# Seneca Lake Water Temps



## j93bird (Aug 24, 2010)

Anyone on the forum know the current water temps for Seneca Lake? 

I will be down fishing the lake with a buddy next week and could use some info if available.

Plan on posting picks of what we catch when I get back. Targeting anything that swims. I'm not picky. 
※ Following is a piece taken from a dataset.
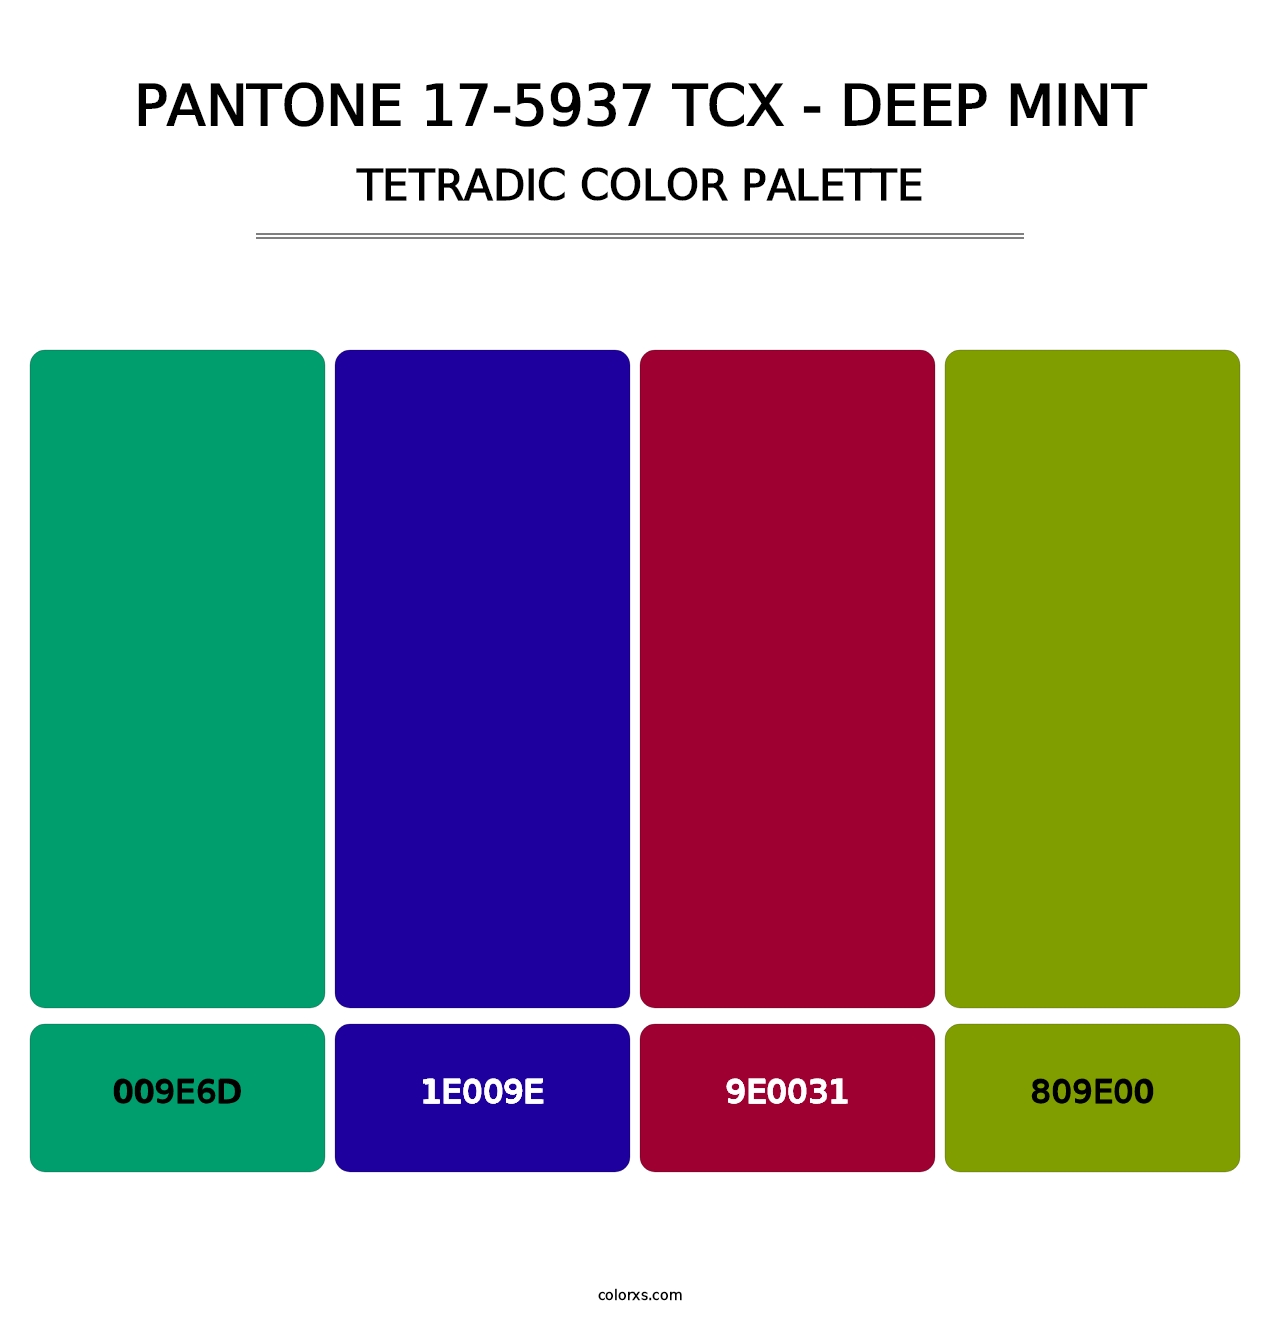 PANTONE 17-5937 TCX - Deep Mint - Tetradic Color Palette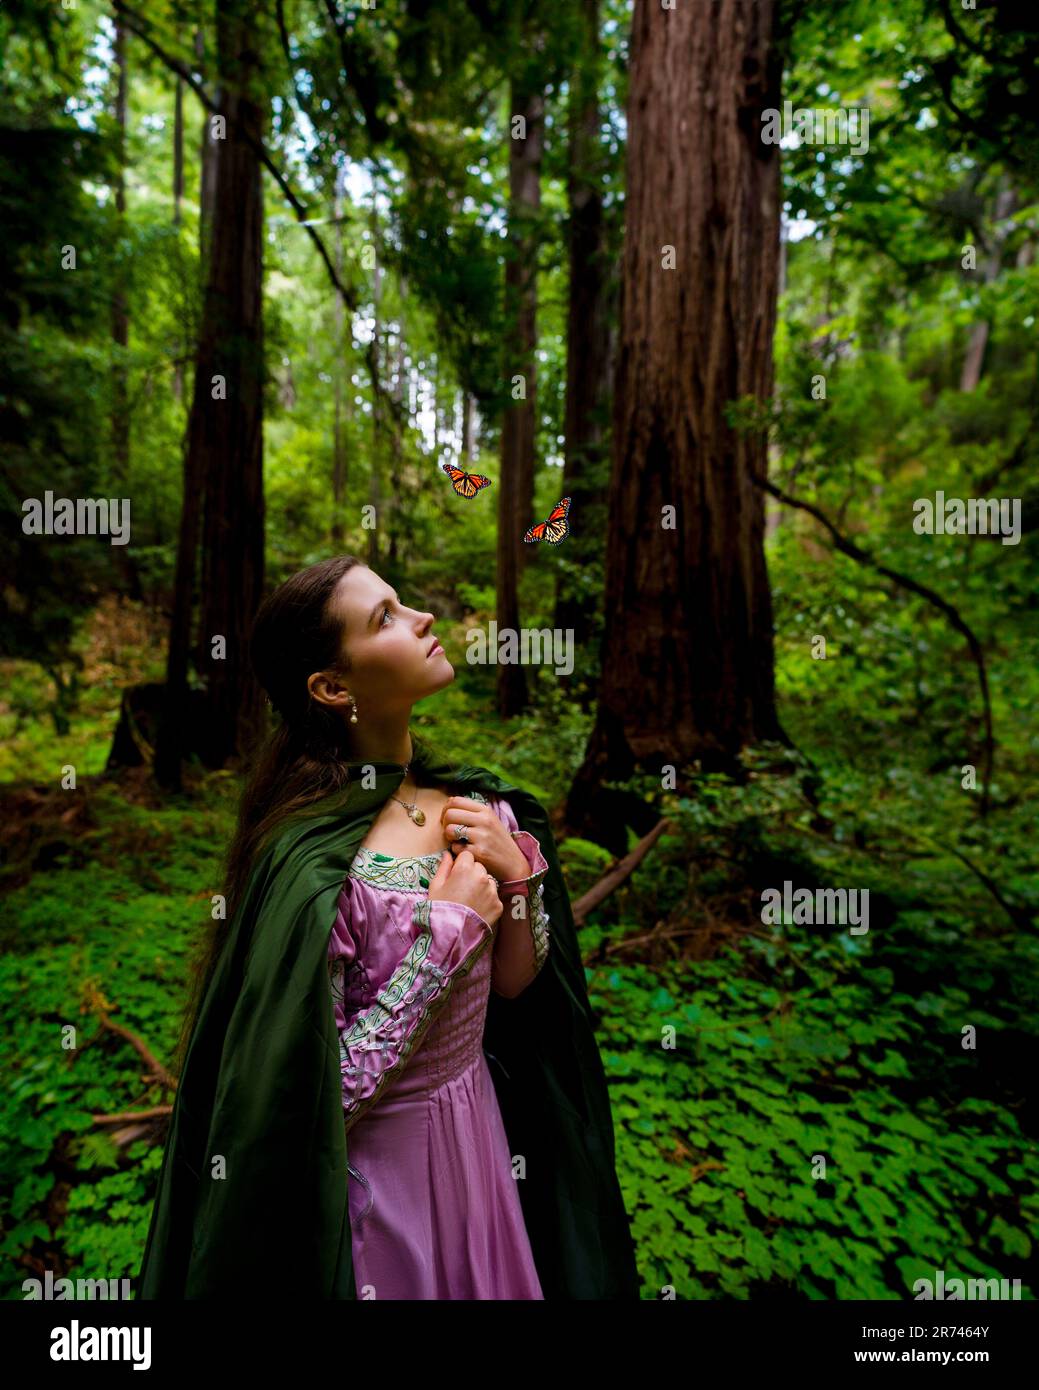 Märchenhafte Prinzessin in grünem Umhang und rosafarbenem Kleid mit Blick auf Schmetterlinge im Wald | Grün-Braun- und Pink-Farbtöne Stockfoto

Went last spring (May) for 3 days and caught bass, crappie, saugeye, bluegill, white bass, striper, and a monster catfish. Had a blast and hoping to again as well.


----------



## saugeye56 (Apr 7, 2010)

There are no hybrids in Seneca...you probably caught an actual striper


----------



## j93bird (Aug 24, 2010)

I'll go with that, now that you mention it my buddy did say that is was a striper. Was a little one but fun all the same.


----------



## Lewis (Apr 5, 2004)

Seneca Lake is full of Hybrid Striped Bass.
One of the main hatcheries that produce hybrids is located right on Seneca.
From the dnr website...

Senecaville State Fish Hatchery is located on over 120 acres in southern Guernsey County below the dam of Seneca Lake. This facility was acquired from the U.S. Fish and Wildlife Service in 1987. The hatchery has 37 ponds containing a total of 37 water acres. The facility also has two outdoor raceways and 18 indoor rearing troughs. Water is supplied by Seneca Lake, which can deliver 2,000 gallons per minute. This water supply allows the hatchery to raise saugeye, walleye, hybrid striped bass, and channel catfish. Senecaville State Fish Hatchery is the main facility for saugeye and hybrid striped bass production. Fry produced at this facility are raised on-site and also shipped to other state hatcheries to be raised to stocking size. Saugeye and walleye production begins in early spring, and hybrid striped bass production starts in late spring with egg collection and fertilization at the hatchery. This hatchery is also the main production facility for channel catfish. Channel catfish production starts in the summer using breeding adults kept at the hatchery and these fry are raised on-site and also shipped to other state hatcheries to be raised to stocking size. To get to the hatchery, take I-77 south off of I-70, then take SR 313 east for about six miles and turn right on Seneca Dam Rd.; the hatchery is on the right about a half mile.


----------



## j93bird (Aug 24, 2010)

This is all very interesting but the question still remains. Are there any ways to get the water temps for the lake? I'm about 3 hours drive from the lake so any local information would be great.


----------



## norseangler (Jan 8, 2009)

You can find some temperature information at the U.S. Army Corps of Engineers site: www.lrh-wc.usace.army.mil/wq/sesgph.htm will take you direct to the Seneca profile


----------



## j93bird (Aug 24, 2010)

Thanks norseangler, that is exactly what I needed. Many thanks.

jbird


----------



## bttmline (Apr 7, 2004)

How do you get to the other lakes graphs. I was at Seneca yesterday and it was 73 degrees


----------



## Lewzer (Apr 5, 2004)

> How do you get to the other lakes graphs.
> 
> Read more: http://www.ohiogamefishing.com/community/newreply.php?do=newreply&noquote=1&p=1088600#ixzz10Mwh77qf


 

http://www.lrh-wc.usace.army.mil/wq/lkcond.html


----------



## Lewzer (Apr 5, 2004)

By the way, Snakecharmer asked the same question.
What's up with this read more crap byline that I always have to delete when making a quote?


----------



## j93bird (Aug 24, 2010)

bttmline said:


> How do you get to the other lakes graphs. I was at Seneca yesterday and it was 73 degrees


Thanks for the update. Hope the fishing is good later next week......


----------